The US, moreover, is the steward of the world’s monetary system: the US Dollar system. It serves alongside the military and foreign assistance as the bedrock of US hegemony. Two thirds of all central bank reserves the world-over are held in Dollars or Dollar-denominated securities. The lion’s share of today’s cross-border trade and transactions are denominated and settled in Dollars.

As University of California, Berkeley Professor Barry Eichengreen argues, this ‘exorbitant privilege’ – which allows the US to live beyond its means because the world’s demand for Dollars permits it to pay interest rates on its foreign liabilities typically two to three percentage points lower than the rate of return on its foreign investments per year, licensing it to run persistent current account deficits of this size with foreign countries without becoming more indebted – has held since WWII. Within the next 10 to 30 years, however, the advantage will most likely dissipate, resulting in a multipolar global monetary system. The Euro, which increasingly looks as though it will survive its recent travails, is available and growing in its attraction as an alternative to the Dollar. The transition need not be abrupt or dramatic.

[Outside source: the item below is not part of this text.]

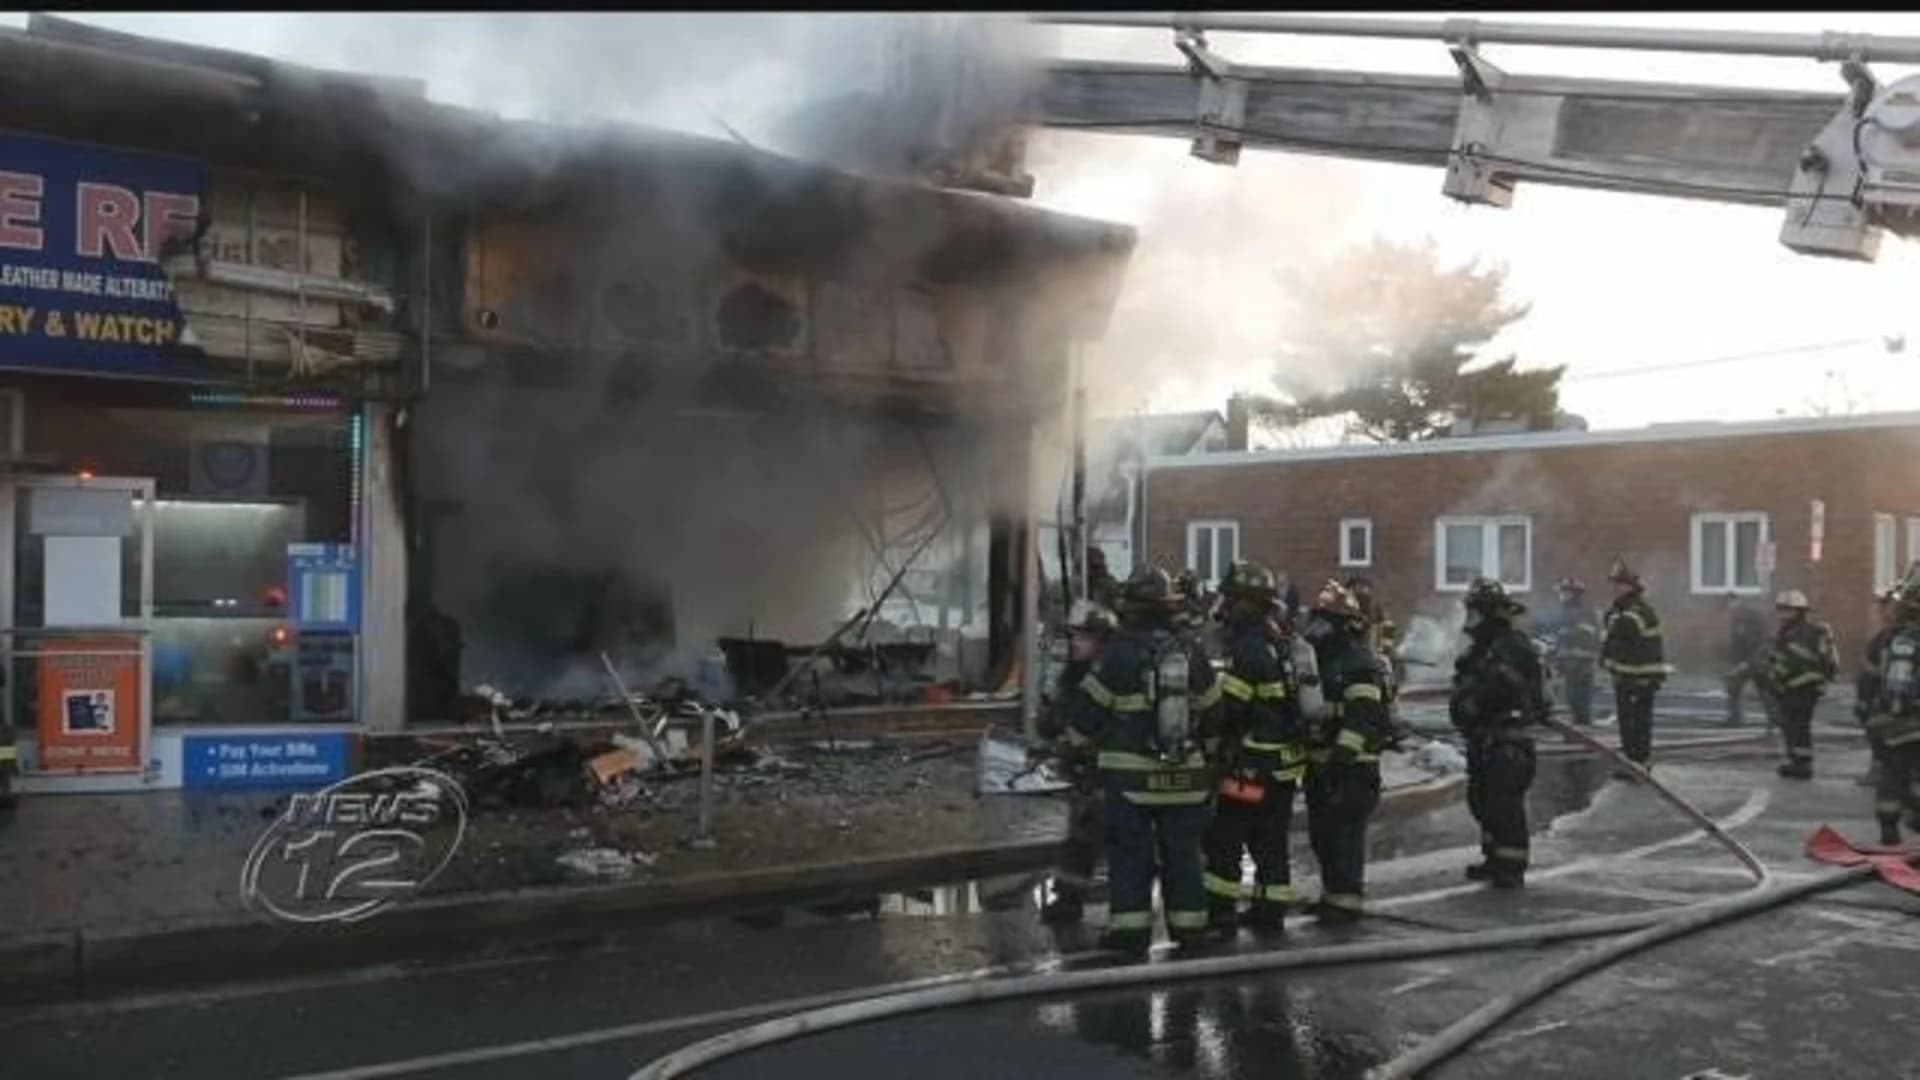 Officials: 7 treated for smoke inhalation in Valley Stream deli fire

Significant economic mismanagement in Washington, however, Eichengreen cautions, could bring about a Dollar crash. Precipitating a debt default certainly qualifies as such. Failing to adopt a credible medium- to long-term strategy to bring US debt under control qualifies equally if not more so.

The Tea Party should expend its energies affecting change in the latter category, where its middle-class economic interests lie, rather than in the farcical former.